Juriscan
Context
MVP for automated data extraction from legal documents (writs of summons, enforcement orders, official reports) for a firm of judicial officers. OCR + AI interpretation, structured field extraction, export into the client's internal CRM. One month solo as a freelancer, from scoping to delivery.
My approach
The core: a two-stage pipeline. First an OCR with layout understanding on the PDF, then an LLM that reads the resulting markdown and identifies the fields to extract (parties, dates, amounts, addresses) per document type. All running locally on GPU — no cloud APIs, sensitive data demands it.

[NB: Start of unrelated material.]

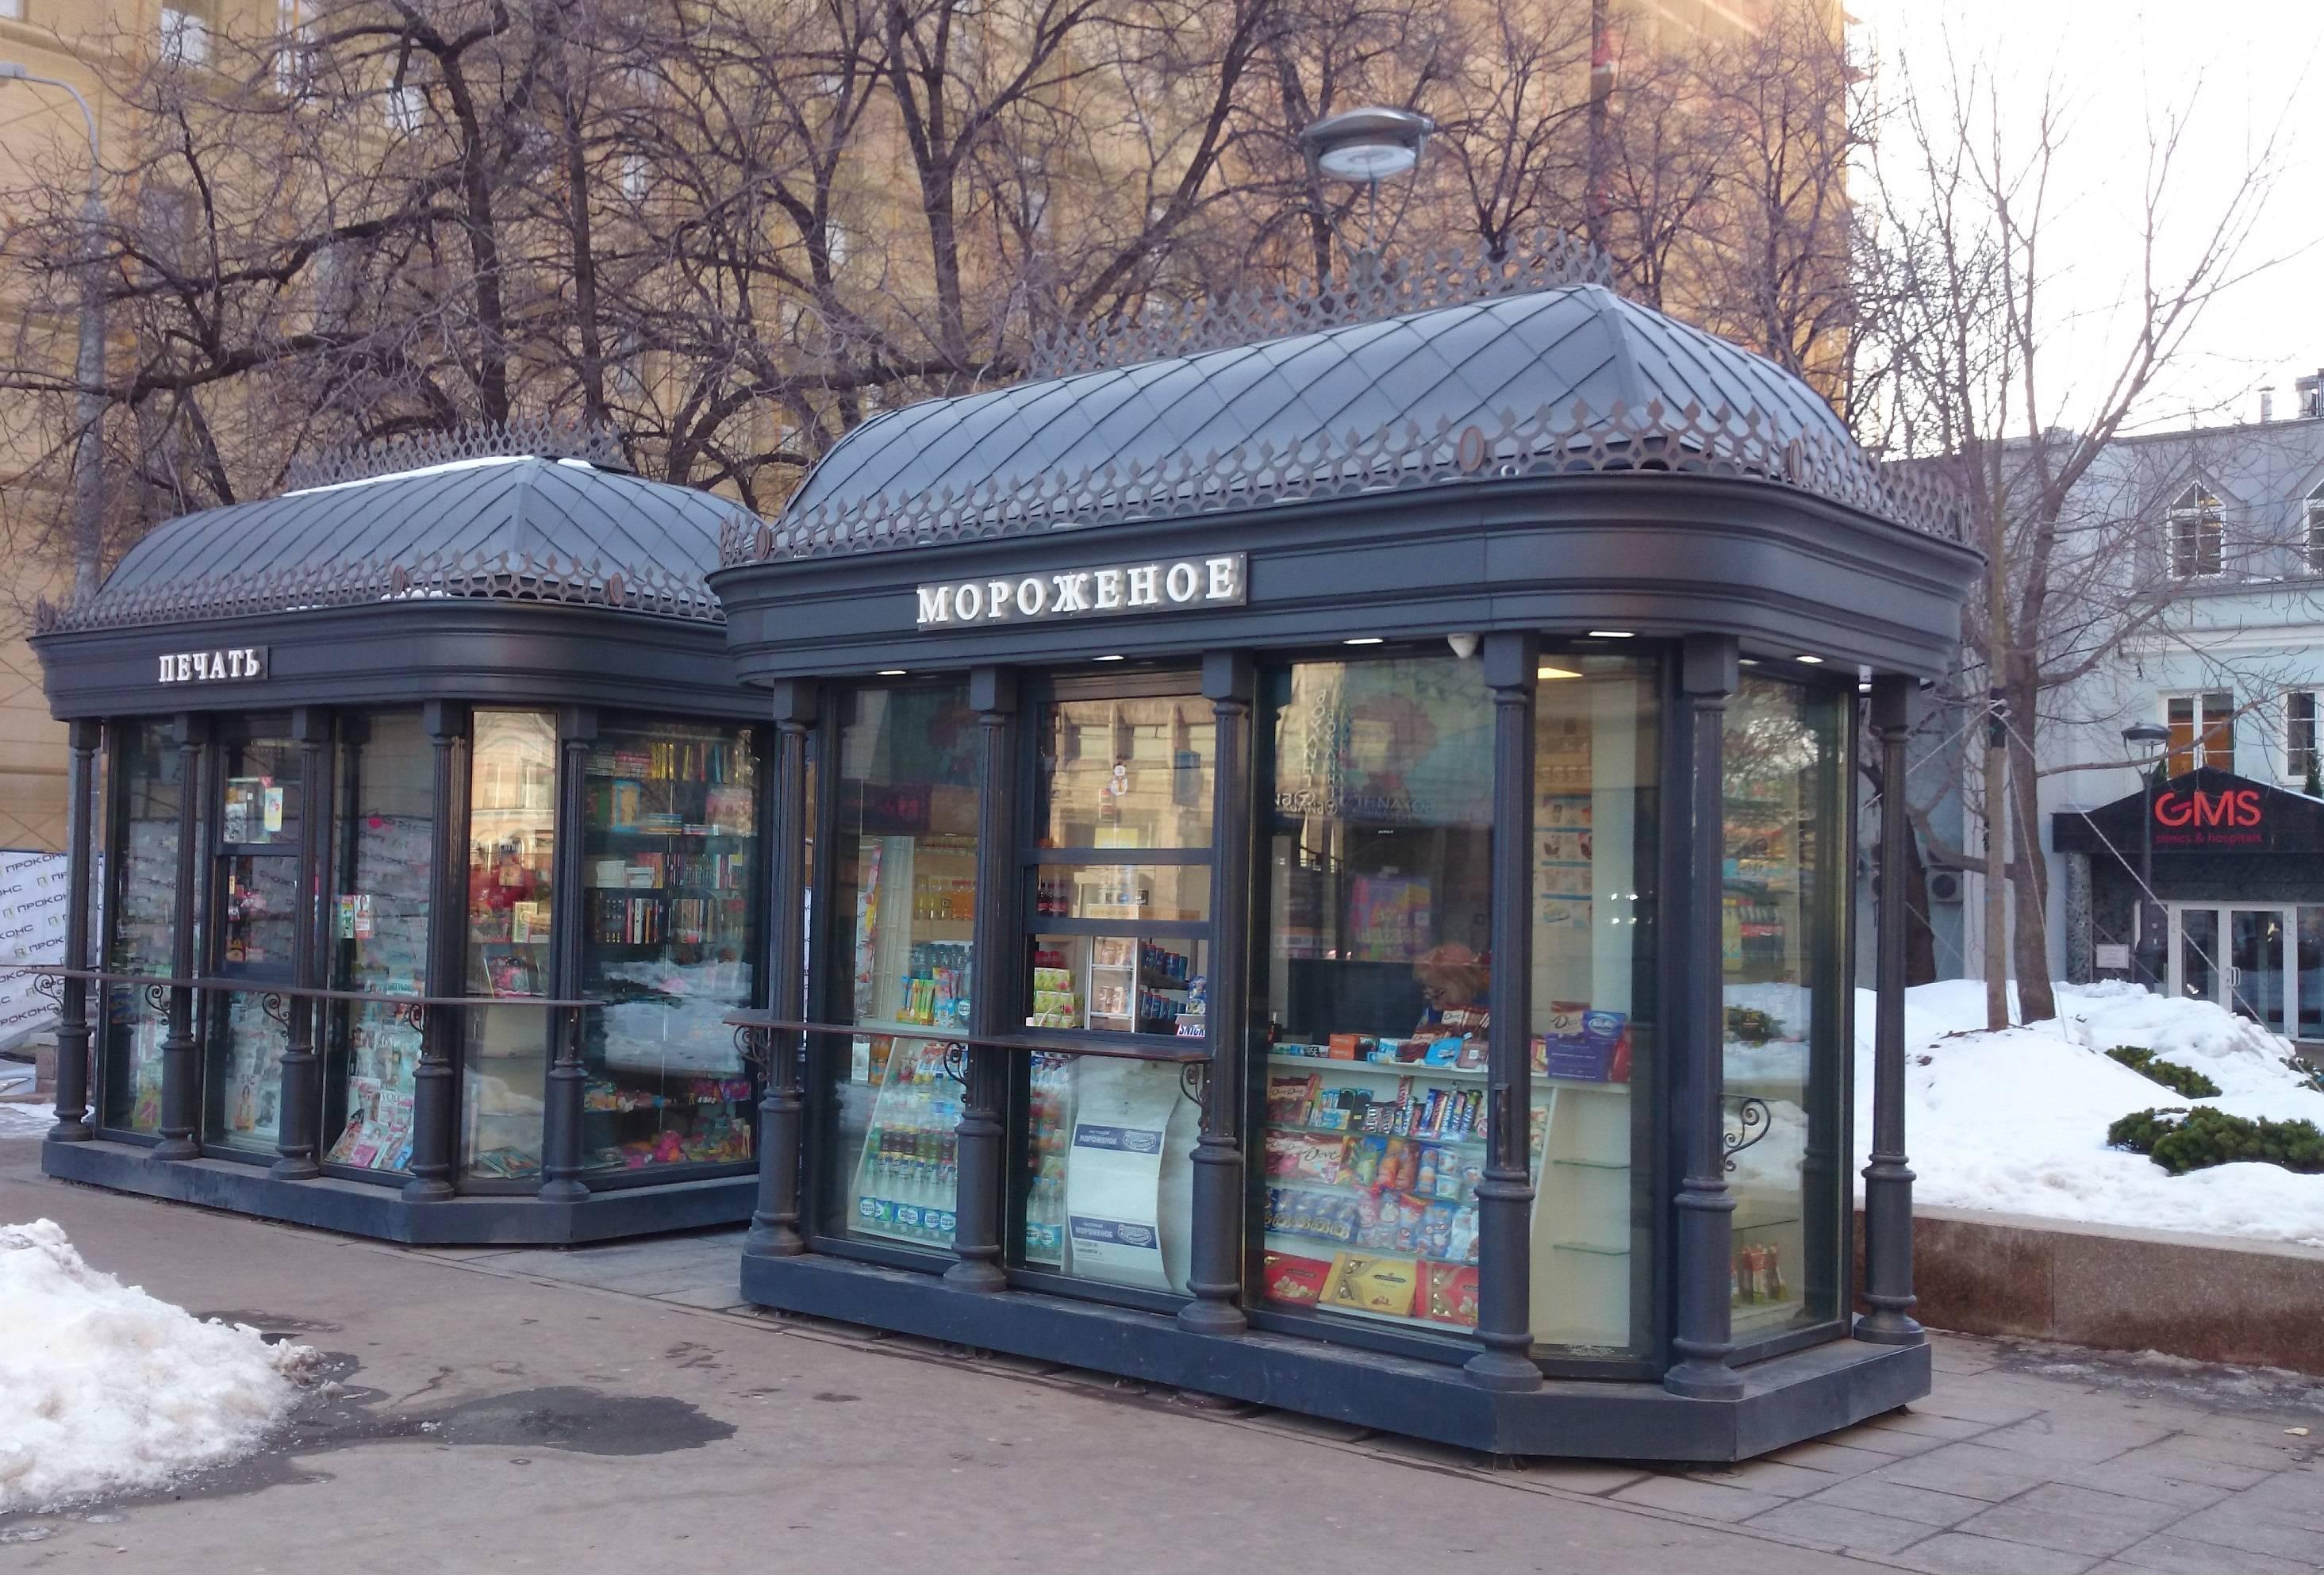 Дизайн новых московских киосков напомнил главе Минстроя Ярославский вокзал

A Rust worker to orchestrate multithreading and keep throughput acceptable on batches of PDFs.
- 100% self-hosted AI pipeline: DeepSeek-OCR for the read, DeepSeek-Coder-V2 for structuring, llama.cpp + CUDA for inference — data never leaves the client's server.
- Rust worker for multithreading and orchestration: parallel OCR, predictable memory — where Node would have folded under volume.
- Vue 3 + shadcn-vue front: upload, PDF preview on the left, editable extracted data on the right, CSV export to the client CRM.
Stack & technical choices
AdonisJS 6 + PostgreSQL for persistence and the API on the back. Vue 3 + Tailwind + shadcn-vue on the front. Infrastructure centerpiece: a Rust worker that calls DeepSeek-OCR then DeepSeek-Coder-V2 (via llama.cpp) on a local GPU — multithreaded, deployed via Docker + NVIDIA Container Toolkit. Fully self-hosted: a firm of judicial officers can't send its documents to OpenAI.
Outcome & takeaways
MVP delivered, currently in testing on the client side. On a personal level, this is my first real AI project — and the first one I built mostly in pair with an AI coding assistant. A stack I didn't know (Rust, llama.cpp, local DeepSeek on CUDA), learned and shipped in one month — exactly the use case where the assistant speeds you up without degrading quality, as long as you stay in charge of the architecture.